Spirit, perspective and thought have no physical form of their own, so unwittingly, and often unwillingly the body becomes a symbol of identity, providing the self with a tangible existence and connection to the world. With the body as proxy for the self, illness that plagues the flesh often implies much more than just a physical disease process.

Throughout life we revel in the pleasures and strengths that the body offers. In exchange, as if a promise, we must endure the breakdown that comes with age, trauma and disease. No one seeks a doctor in victory. It is often the disruption of mind-body connectedness that generates the first manifestations of disease; signs of disarray, and perhaps a story to be uncovered. On the other hand, sensations are easily misinterpreted as evidence of perceived illness, often signifying an underlying mistrust of the body, conceivably accentuated by our rapid access to medical information and our increasing intolerance for discomfort. 3

The self is readily disregarded in the hospital while the body takes the forefront, mistaken as a total representative for the self. As a person transitions to the role of patient, we become primarily concerned with their physicality, forming a disease, rather than a person-centred narrative. We track inputs and outputs, assess organ function and pursue signs or anomalies that will direct us to the physical origin of a symptom. Our patient is no longer the rock that holds her family together, the lecturer, or the gardener, she is an amalgamation of lab results, medical imaging and an object of clinical examination.

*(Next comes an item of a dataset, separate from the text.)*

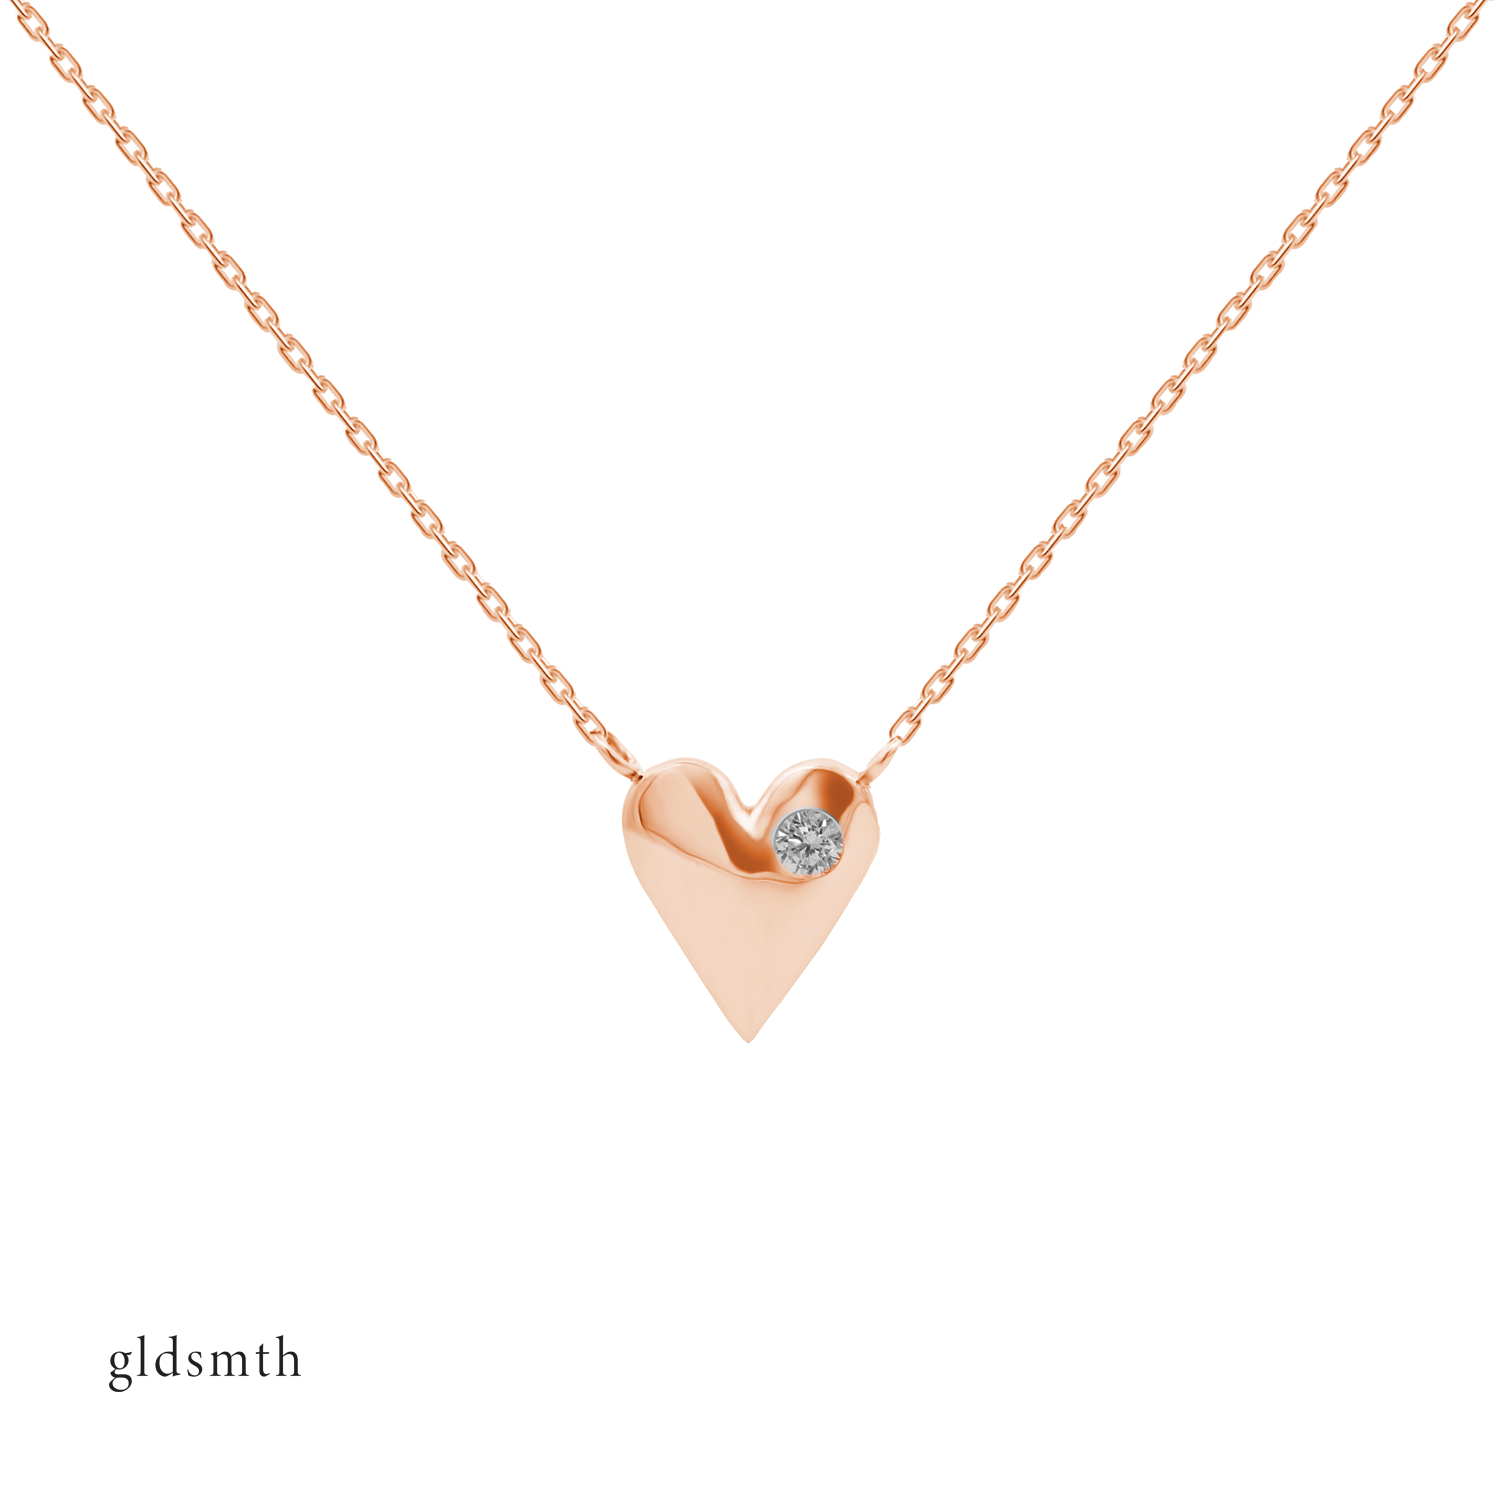 Elegant and fine handcrafted 10k solid rose gold necklace with conflict-free diamonds.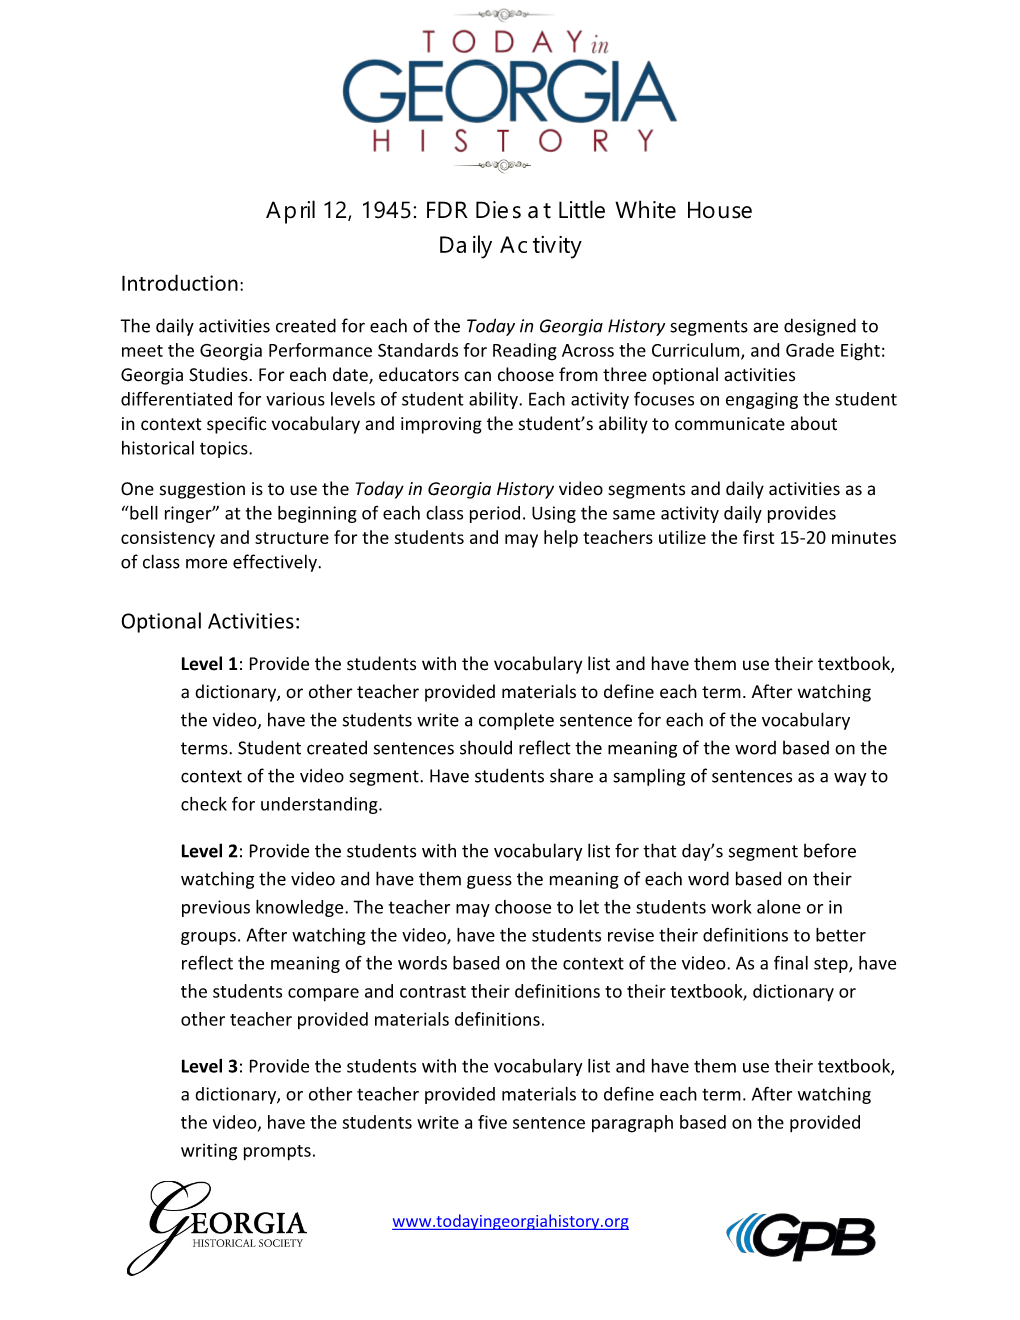 April 12, 1945: FDR Dies at Little White House Daily Activity

The self also falls victim to the vulnerabilities of the doctor patient relationship where status and unfamiliarity fashion a reluctance for the self to vocalise sensibilities. The clinician asks a question of the body but often does not accommodate for the self when it answers. Whatsmore, as patients are passed between specialties, concerned each with an isolated organ system or disease process, the self is prone to dropping through the cracks.

An illness narrative that makes space for the self can be hard to shape. To successfully treat our patients we must be able to single out fact from the futile; and to do so we must embrace the self within its physicality. By doing this we are able to better direct the route of our clinical voyage. When the self is overlooked, we misread physical signs and symptoms and our path of enquiry is easily misdirected. For completeness, we must accommodate both the self and the body throughout our history, examination and treatment. Constructing a narrative that encompases the patient as a whole, permits both the physician and patient to recognise the insidious attributes of illness, and move forward in the healing process. No longer can we continue to treat the body alone, we must act to reconcile it with self and spirit.

  1. Charon, R. (2006). Narratives of Illness. Oxford: Oxford University Press.
  2. Beate M Herbert, O. P. (2012). The Body in the Mind: On the Relationship Between Interoception and Embodiment. Topics in Cognitive Science, 692–704.
  3. Warwick, H. M., & Salkovis, P. M. (1990). Hypochondriasis. Behaviour and Research Therapy, 105-117.

Zénobie Cornille is studying medicine at the University of Auckland.